==== Data extract
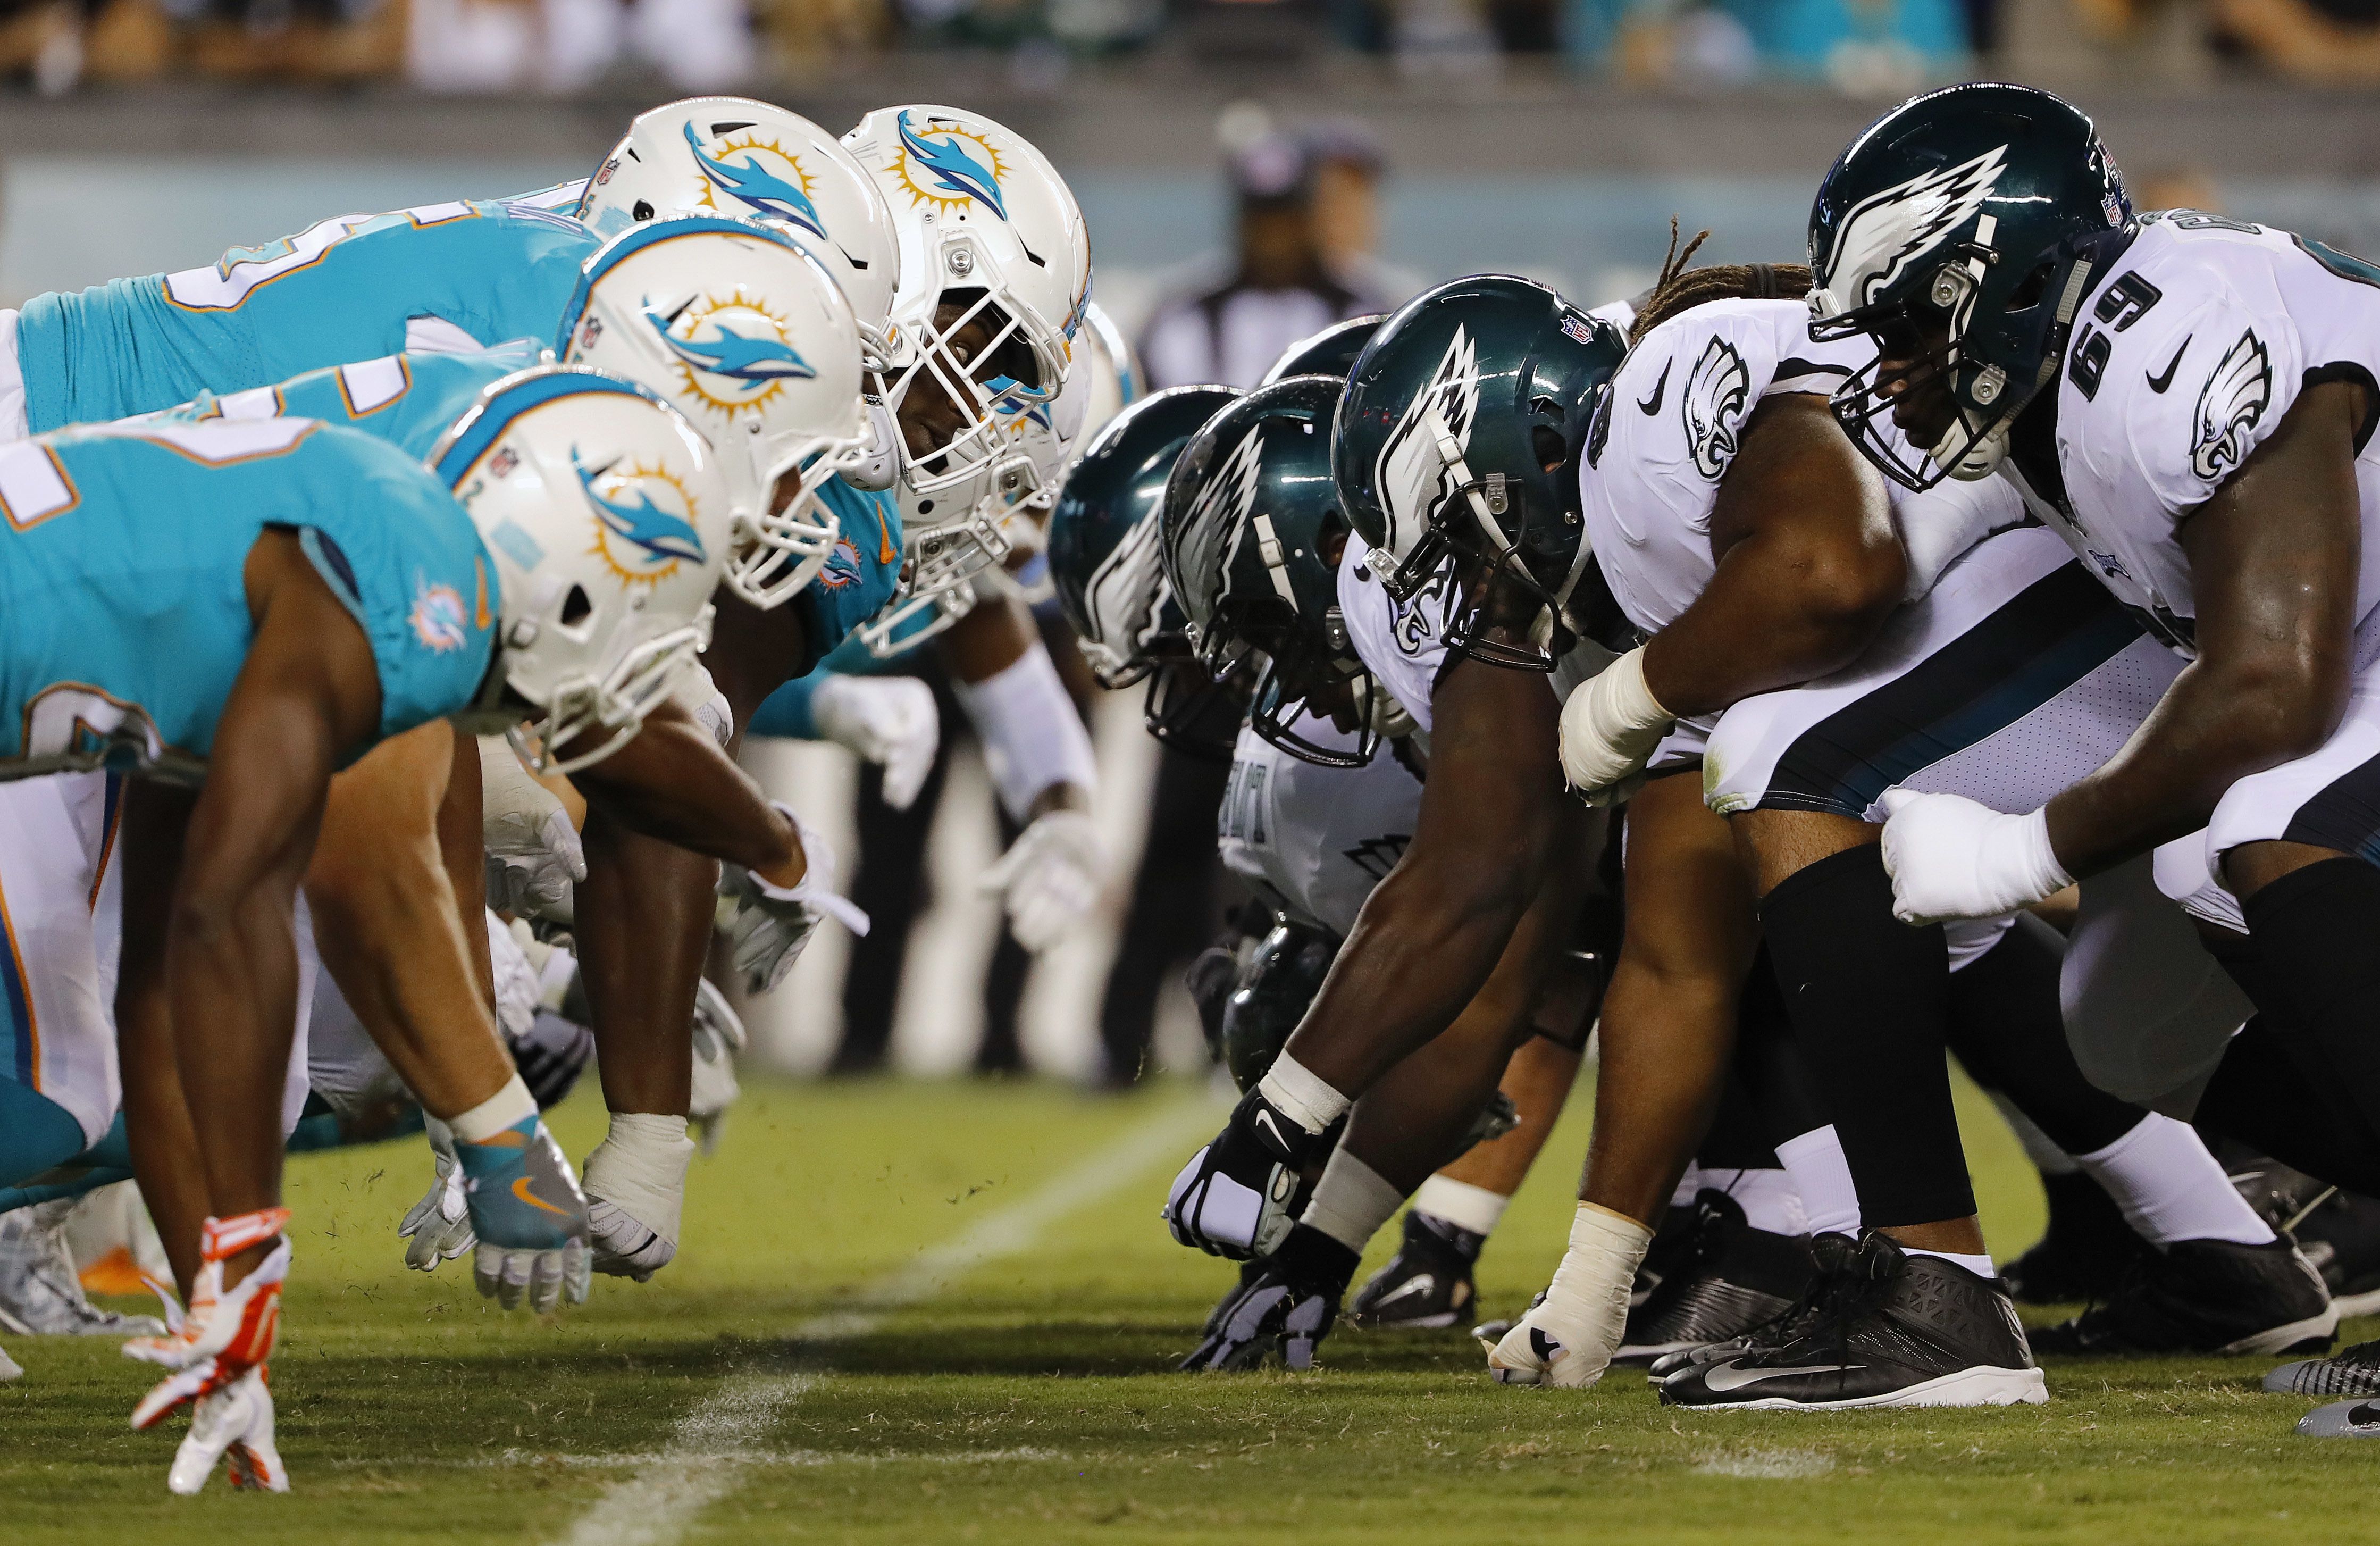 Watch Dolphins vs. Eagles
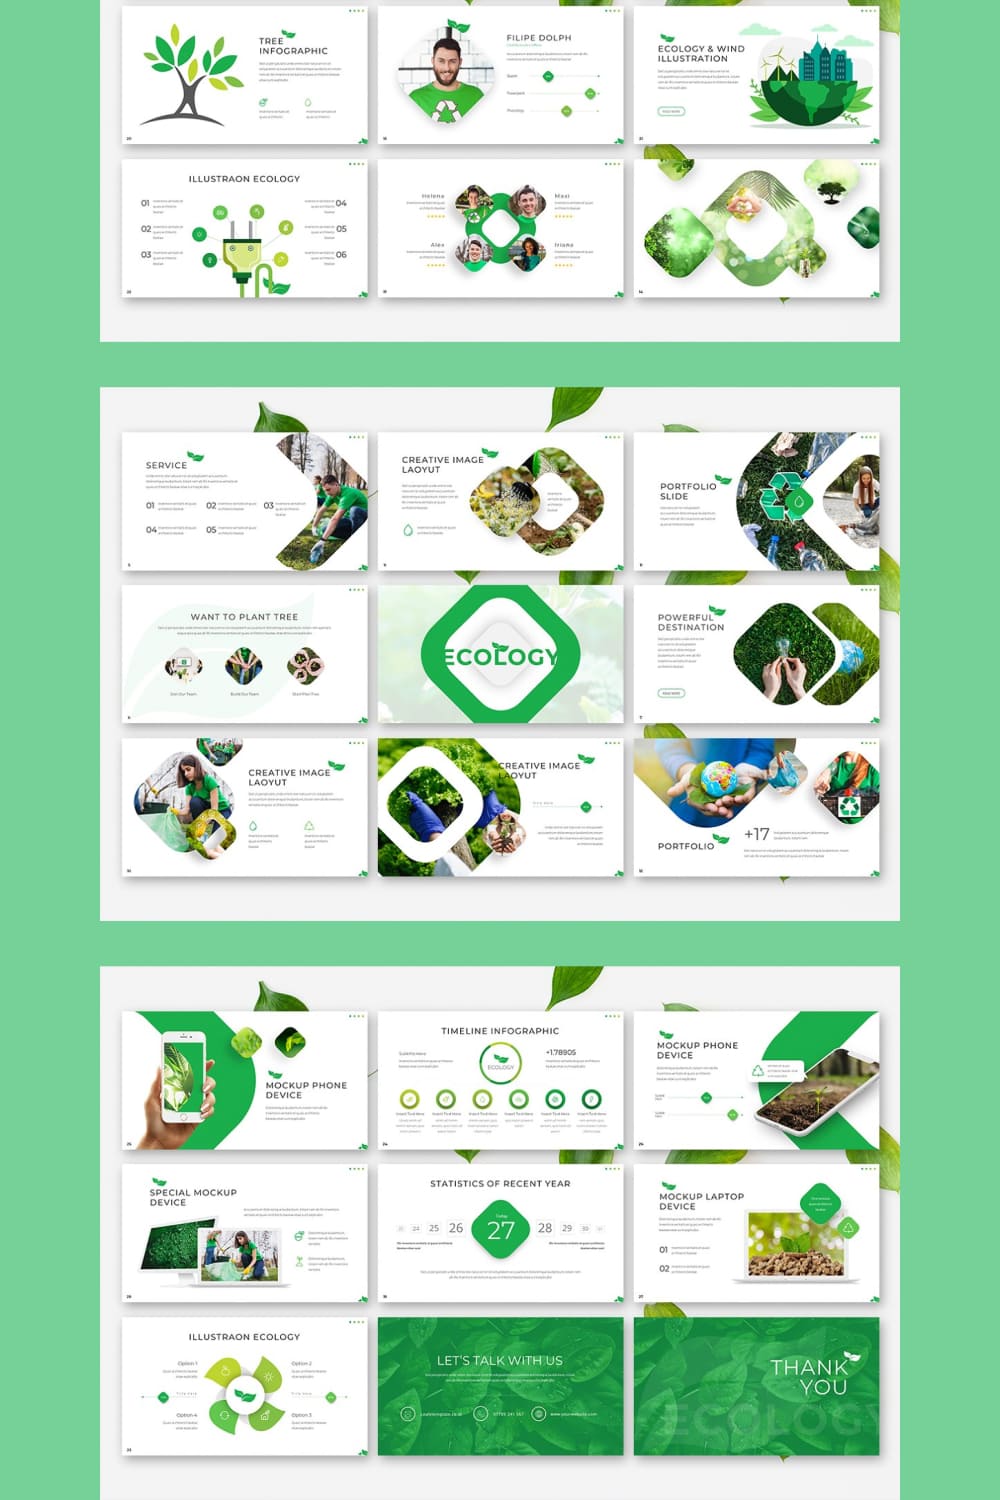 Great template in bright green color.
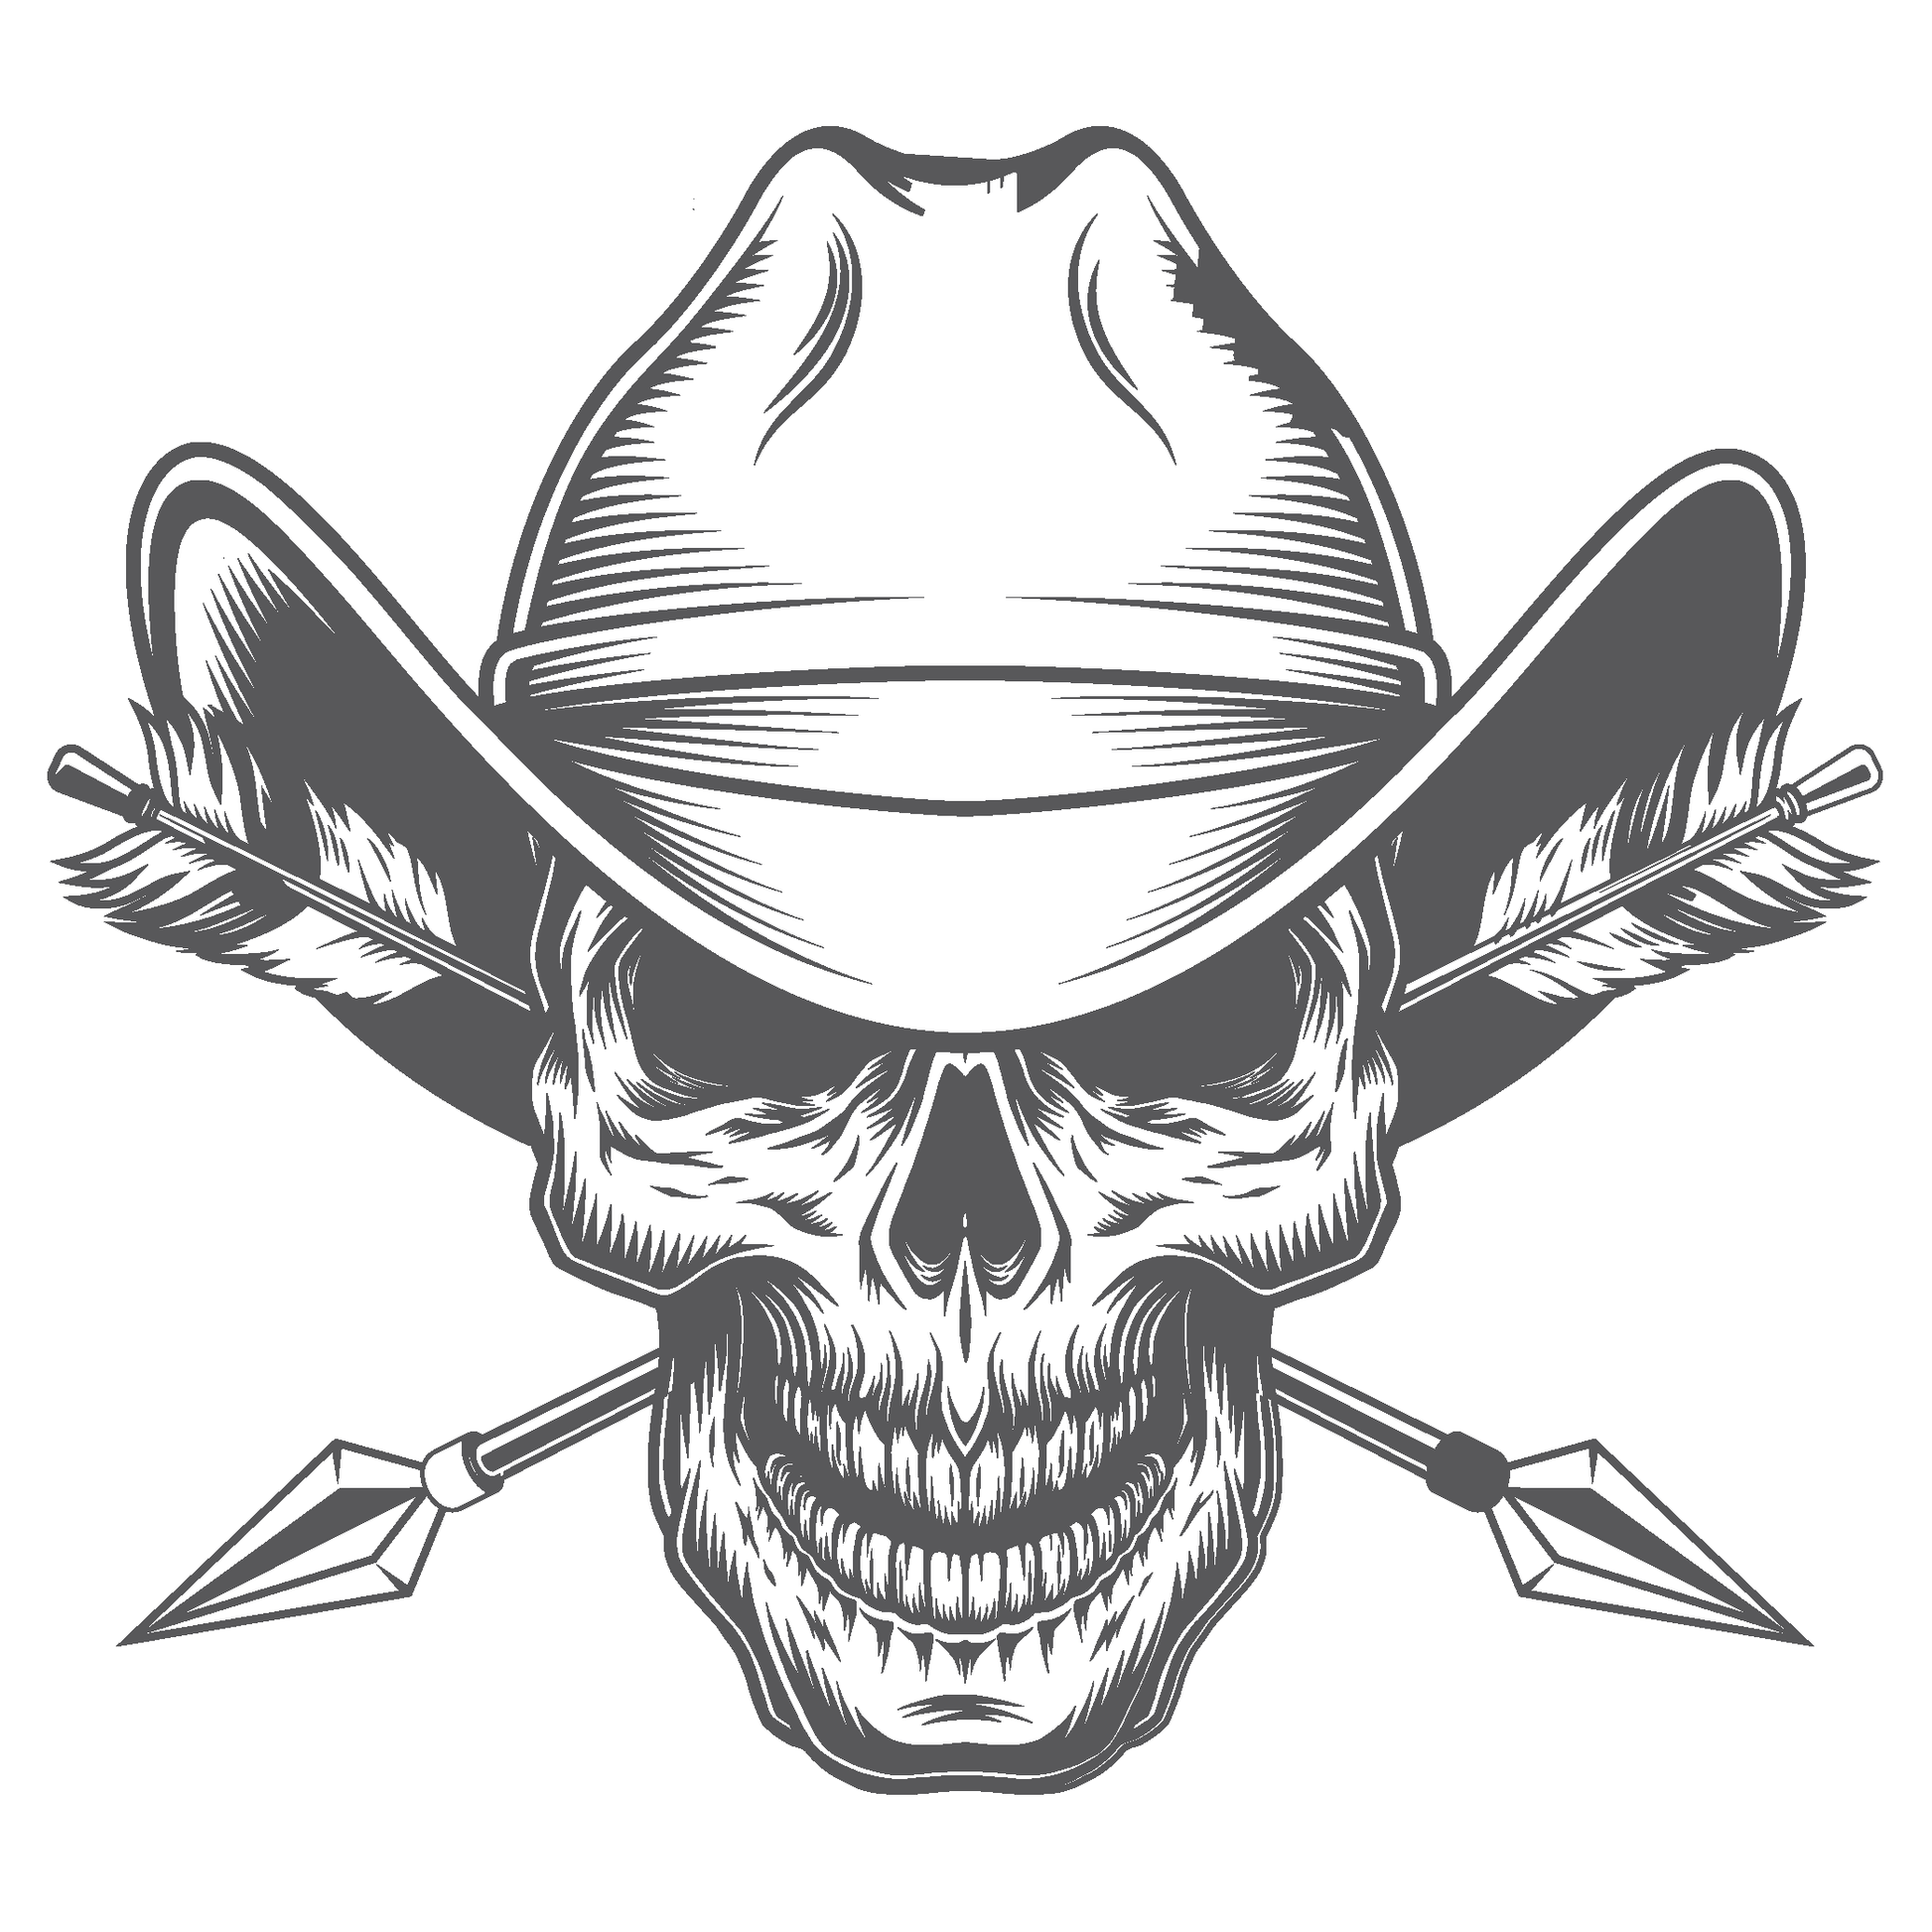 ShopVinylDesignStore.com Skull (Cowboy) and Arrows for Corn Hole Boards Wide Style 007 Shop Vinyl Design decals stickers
========
> _Exercise_:
Make an exact reproduction of the listing above, without any pictures.

> _Output of the exercise_:
 Watch Dolphins vs. Eagles
 Great template in bright green color.
 ShopVinylDesignStore.com Skull (Cowboy) and Arrows for Corn Hole Boards Wide Style 007 Shop Vinyl Design decals stickers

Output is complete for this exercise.